Точно так же частые свидания регента с принцессою Анною Леопольдовной принимались за доказательство их добрых отношений, приписывались заботам ее высочества о прекращении личным посредничеством неудовольствий между принцем-супругом и регентом по делу адъютанта и других арестованных офицеров; между тем за свиданиями этими таились не переговоры, не желание предупредить толки частных людей о размолвке регента с принцем; свидания эти, как оказалось, проходили в весьма горячих постоянных препирательствах, при которых бывший регент, говорят, забывался до того, что однажды высказал даже Анне Леопольдовне, будто от его воли зависит выслать и ее, и супруга ее в Германию, а также – что есть на свете герцог Голштинский, которого он, регент, если будет к тому вынужден, выпишет в Россию.

После такого заявления всякое соглашение стало невозможным, так как принцесса слишком тонко и жизненно глядит на вещи, чтобы не понять, чего можно ожидать при таких обстоятельствах, а также слишком умна и решительна, чтобы не почувствовать и не предупредить неосмотрительных и смелых замыслов герцога Курляндского.

В этом положении стояло дело в субботу поутру 8-го ноября, когда граф Миних явился к Анне Леопольдовне, дабы представить ей нескольких кадет для выбора пажей ее высочеству. При этом свидании они оказались одни, и не знаю, принцесса ли начала разговор или фельдмаршал подал повод к разговору, спросив о причине озабоченного вида ее высочества (хотя причин ее озабоченности он не мог не знать).

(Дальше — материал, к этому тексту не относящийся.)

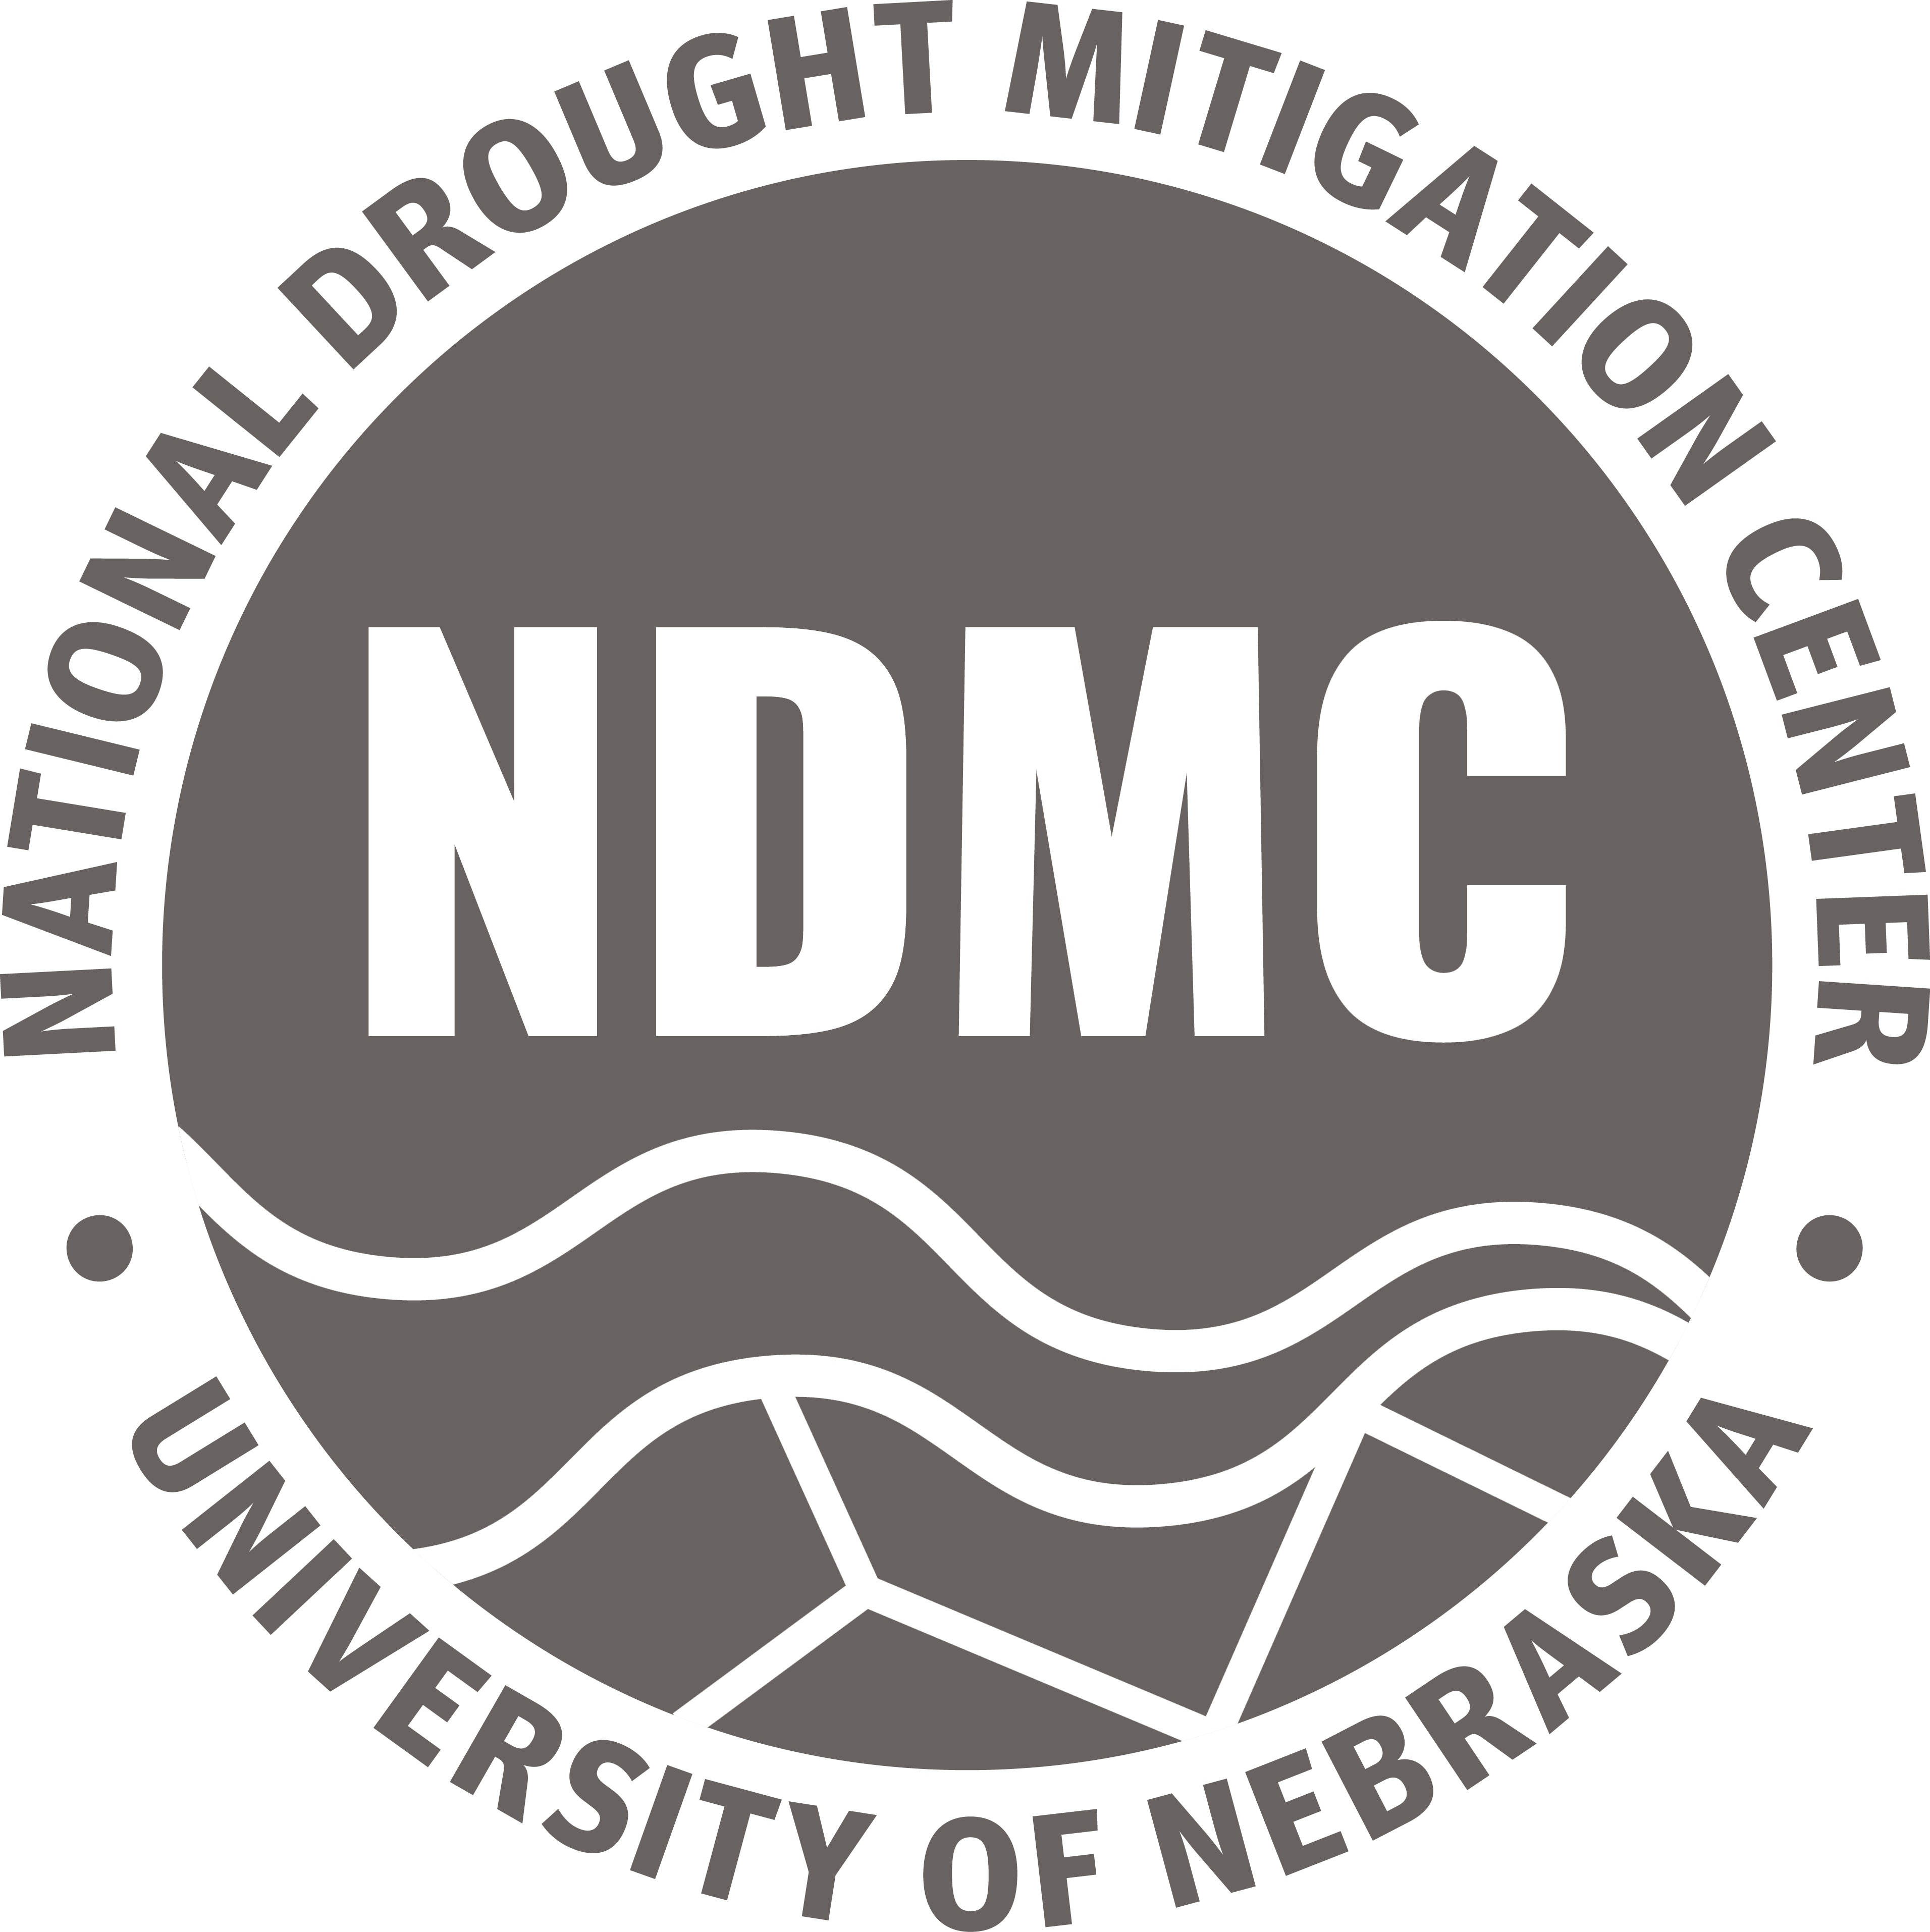 National Drought Mitigation Center

Ваше превосходительство легко представите себе, что, раз принцесса решилась открыться фельдмаршалу, она при своем живом характере нашла и достаточно сильные выражения для изображения своего положения в самых ярких и трогательных красках. Она рассказала фельдмаршалу, что с первой минуты кончины, покойной государыни и она, и принц-супруг беспрерывно подвергаются величайшим оскорблениям и обидам; что они живут под непрерывным опасением насилия со стороны регента, и, кажется, им не остается другого выхода, как выехать из России; что они, вероятно, вскоре и примут такое решение, потому просят фельдмаршала употребить всю свою силу и влияние у герцога, дабы в таком случае им разрешено было взять с собою сына, с целью охранить самодержца всероссийского от опасностей, которыми он оказался бы окруженным, оставаясь в руках лиц, враждебных и ему, и его родителям.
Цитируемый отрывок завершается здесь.